Derive the Fourier`s conduction equation for general bodies.

$\left( {\dfrac{{dq}}{{dt}} = - kA\dfrac{{dt}}{{dx}}} \right)$

Answer 1

Hint: Fourier law of heat conduction is the governing law for conduction equations. It states that the rate of heat transfer is directly proportional to the area normal to the direction of heat flow and temperature gradient i.e., drop in temperature per unit length.

Complete solution:
Let us consider a small elemental area from the above body

Let the width of this elemental part be $dx$
The small change in temperature be $dt$
A temperature gradient will be the change in temperature per unit area or $\dfrac{{dt}}{{dx}}$
And let $A$ be the area perpendicular to the direction of heat flow
Refer to the diagram
Now as per Fourier’s law
$\dfrac{{dq}}{{dt}} \propto {\rm A}$and,
$\dfrac{{dq}}{{dt}} \propto \dfrac{{dt}}{{dx}}$
$\therefore \dfrac{{dq}}{{dt}} \propto {\rm A}\dfrac{{dt}}{{dx}}$
$\dfrac{{dq}}{{dt}}$ is the rate of heat transferred?
Here to remove the proportionality a constant of proportionality is inserted which
$k$ which is known as Thermal conductivity of the material or wall and is expressed in $\left( {\dfrac{w}{m}K} \right)$
$\therefore \dfrac{{dq}}{{dt}} = - kA\dfrac{{dt}}{{dx}}$
Here the negative sign indicates the drop in temperature across the body
Since $dt$ is the change in temperature so it will be expressed as
$dt = {T_2} - {T_1}$
And as it is evident that ${T_2}$ will be lower than ${T_1}$ so we`ll get a negative value of $dt$ so we use a negative sign before $k$ to nullify this and make heat transfer rate positive

The heat flow rate $\dfrac{{dq}}{{dt}}$ across a body will be $\dfrac{{dq}}{{dt}} = - kA\dfrac{{dt}}{{dx}}$.

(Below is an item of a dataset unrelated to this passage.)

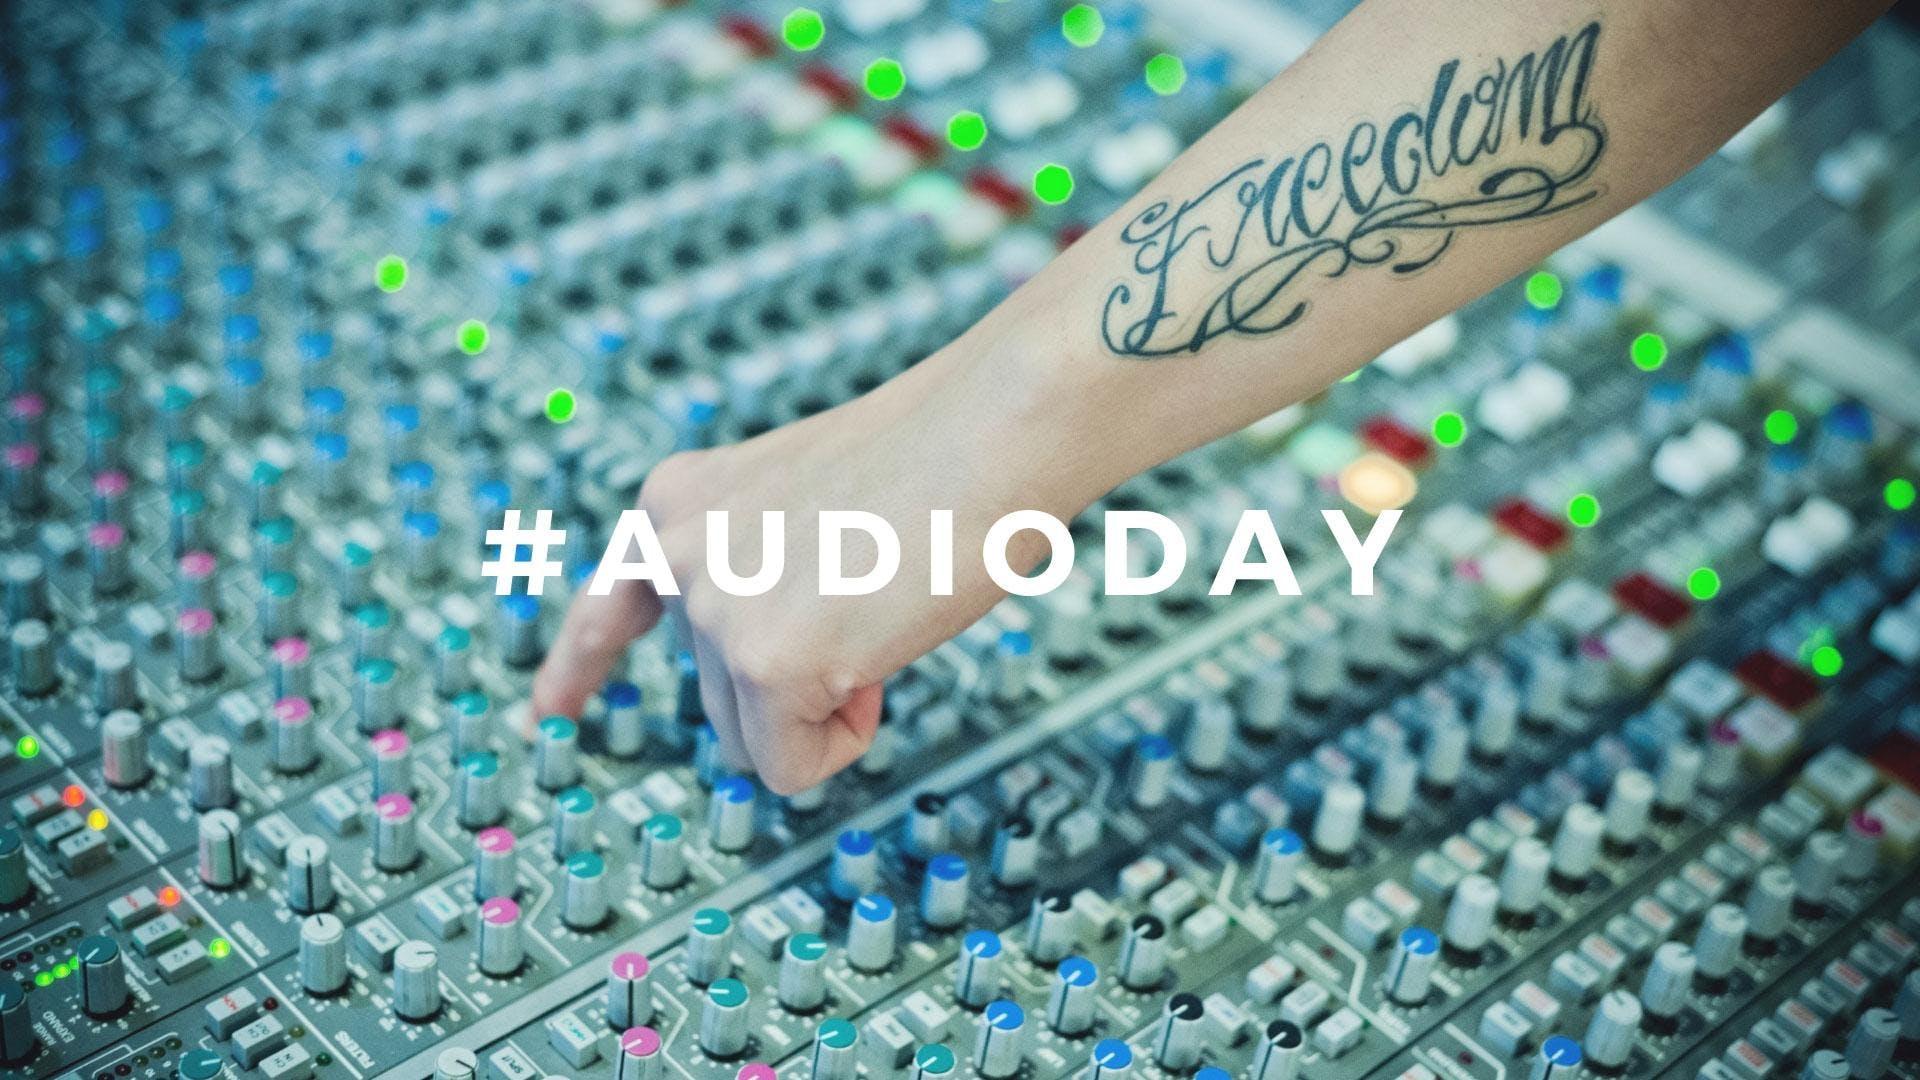 #AudioDay
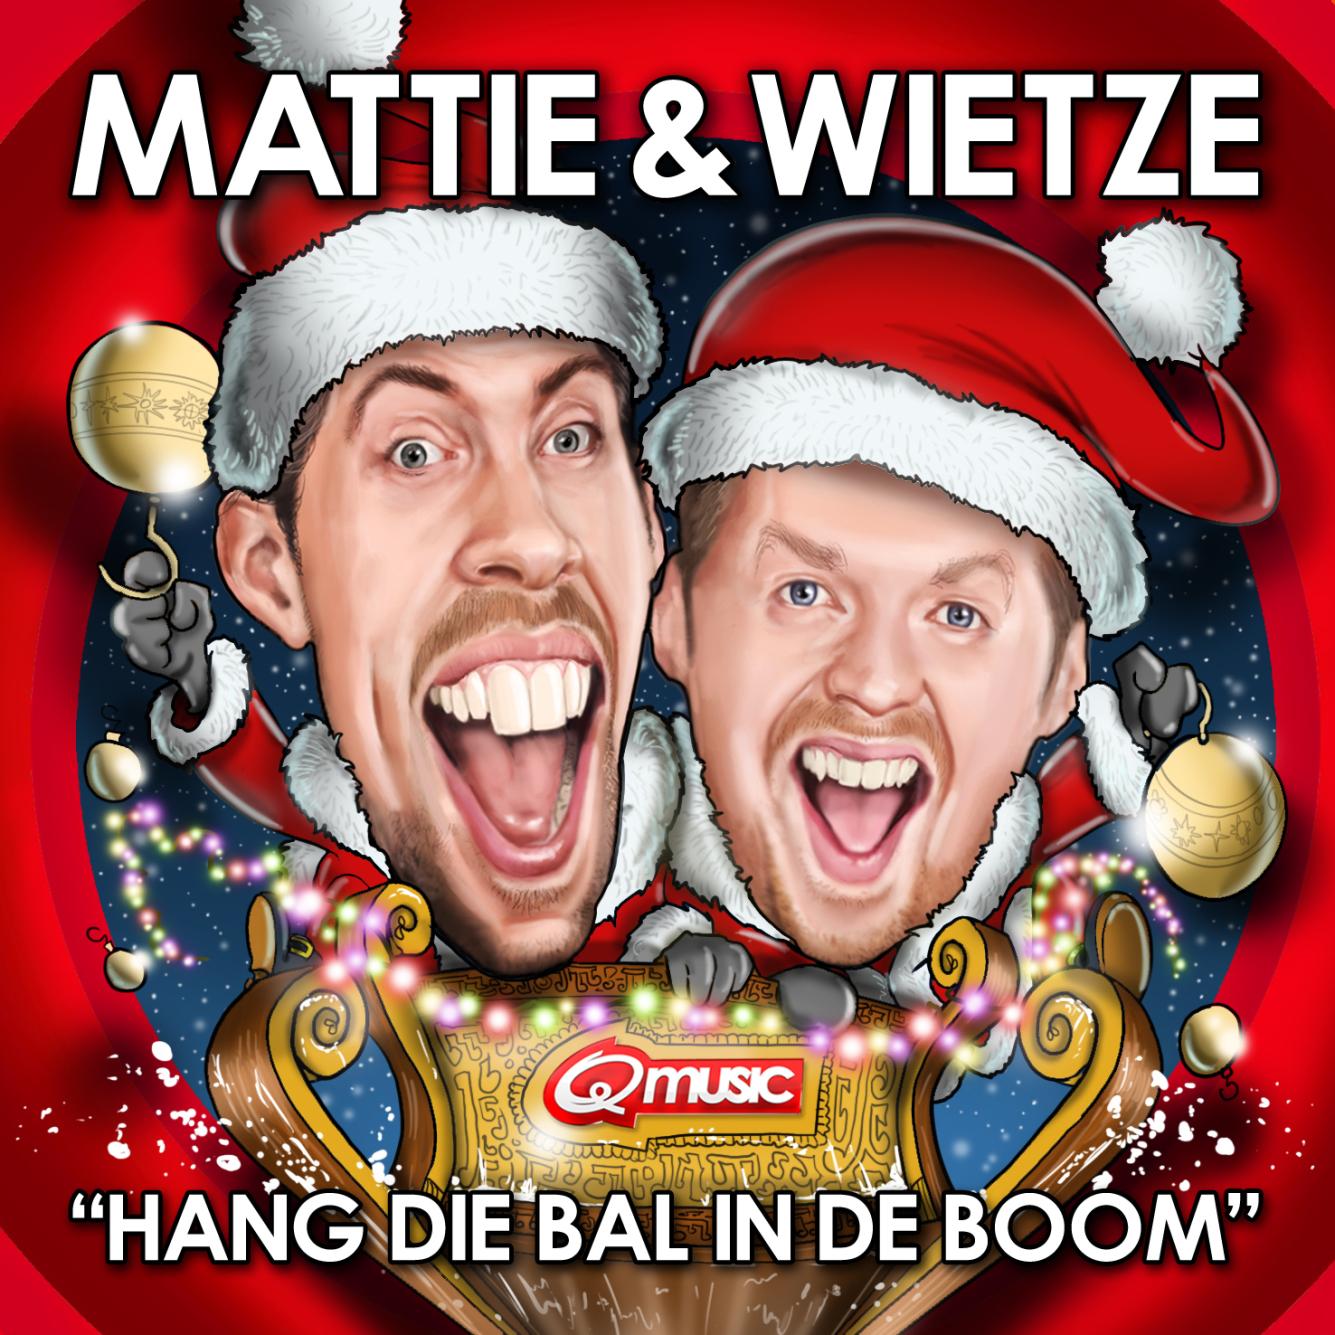 Q music kerstcd mattiewietze v2

Note: The heat always flows from higher temperature to lower temperature that’s why ${T_1}$ will always be greater than ${T_2}$.
The area perpendicular to heat flow rate will always be considered because it is the only area which will cause resistance to the flow of heat and thus will reduce its temperature.
The thermal conductivity $\left( k \right)$is the internal property of the body; it is the measure of how easily heat can be conducted through a body. It is generally higher for metals and lowers for non-metals .